By the 18th century, different wine regions of Europe invented signature-style bottles to mark their territory as well to adjust for the needs of their particular region’s wine. The Burgundy-type bottle (red and white Burgundy, Syrah and Viognier) is shapely with a tapered neck since the Burgundian founding fathers did not need a trap for dregs like their Bordeaux brothers whose bottle was designed with wide and stern shoulders. Both Burgundy and Bordeaux styled bottles have a dimple on the bottom called a punt.

The punt at the bottom of a bottle is a deep indentation in a bottle’s butt. It diffuses pressure and helps balance the gas which is important in Champagne bottles. Still wine bottles do not need a punt, but many producers keep it as tradition. Punts date to the time that glassblowers produced bottles by hand using a wood stick to hold the glass from the neck end. After forming the bottle, the glassblower pulled out the stick, creating a punched-in bottom.

Some producers of Pinot Noir have an astonishingly deep punt. Many years ago, a British study showed that it was possible to determine the value of the bottle of wine by feeling the depth of its dimple. Previously this was thought to be an urban myth. Some researchers with nothing better to do actually measured differently priced bottles of wine. It was shown that more expensive wines had deeper punts. The relationship between depth and price could be expressed by the equation: price of bottle-punt depth in millimeters + $5.64/4.314. The homemade depth gauge that was used by researchers to make the measurements was auctioned on eBay.

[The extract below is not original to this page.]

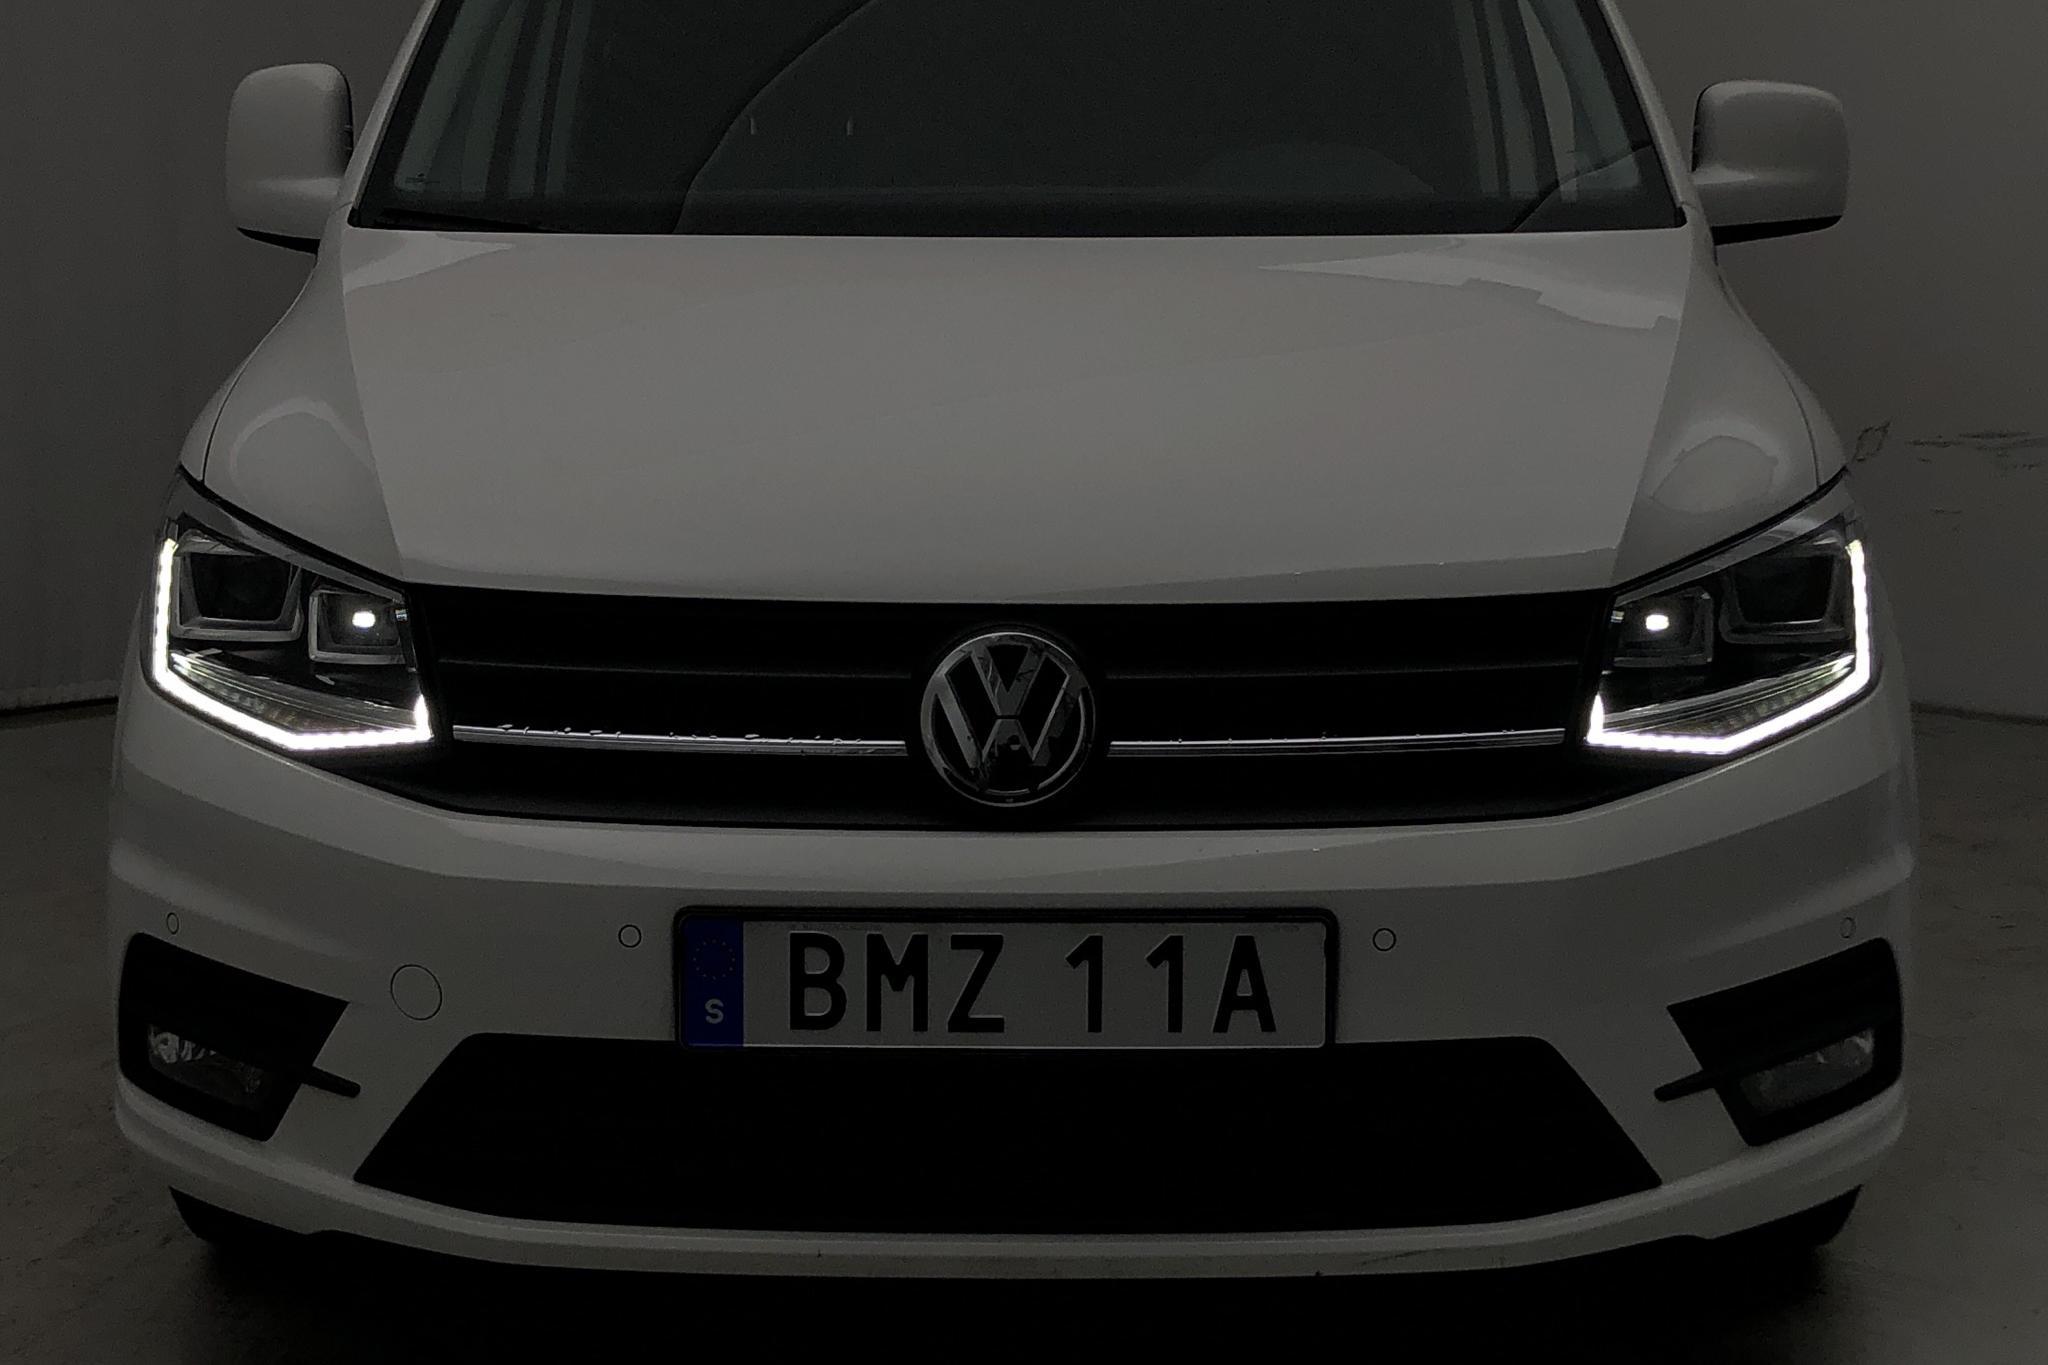 VW Caddy 2.0 TDI Skåp (102hk) - 1 231 mil - Automat - vit - 2020

I went into my own cellar to feel a few punts. I used my two fingers (index and middle) as a depth gauge and graded the depth of the punt as none, first knuckle and second knuckle. Some punts have a nipple at the depth of the depression that can slightly affect the measurement. After sampling several bottles, I found that the scientific results reported by the British researchers are valid but not infallible. Some of my lowly Pinot Noir wines (for unwanted guests, relatives and cooking) had no dimple at all and a very few had a good-sized punt. Most Pinot Noir bottles had a one-knuckle punt that seems to be the most common punt size.

When you are at a party you can amaze the crowd by feeling the punt depth and picking out the most expensive wines. When you are at your local wine retailer, you can wager a bottle of good Pinot Noir on whether you can tell the more expensive bottle by holding the bottle and subtlety putting you two fingers into the punt. Just don’t overdo it, people might think you are some kind of weirdo.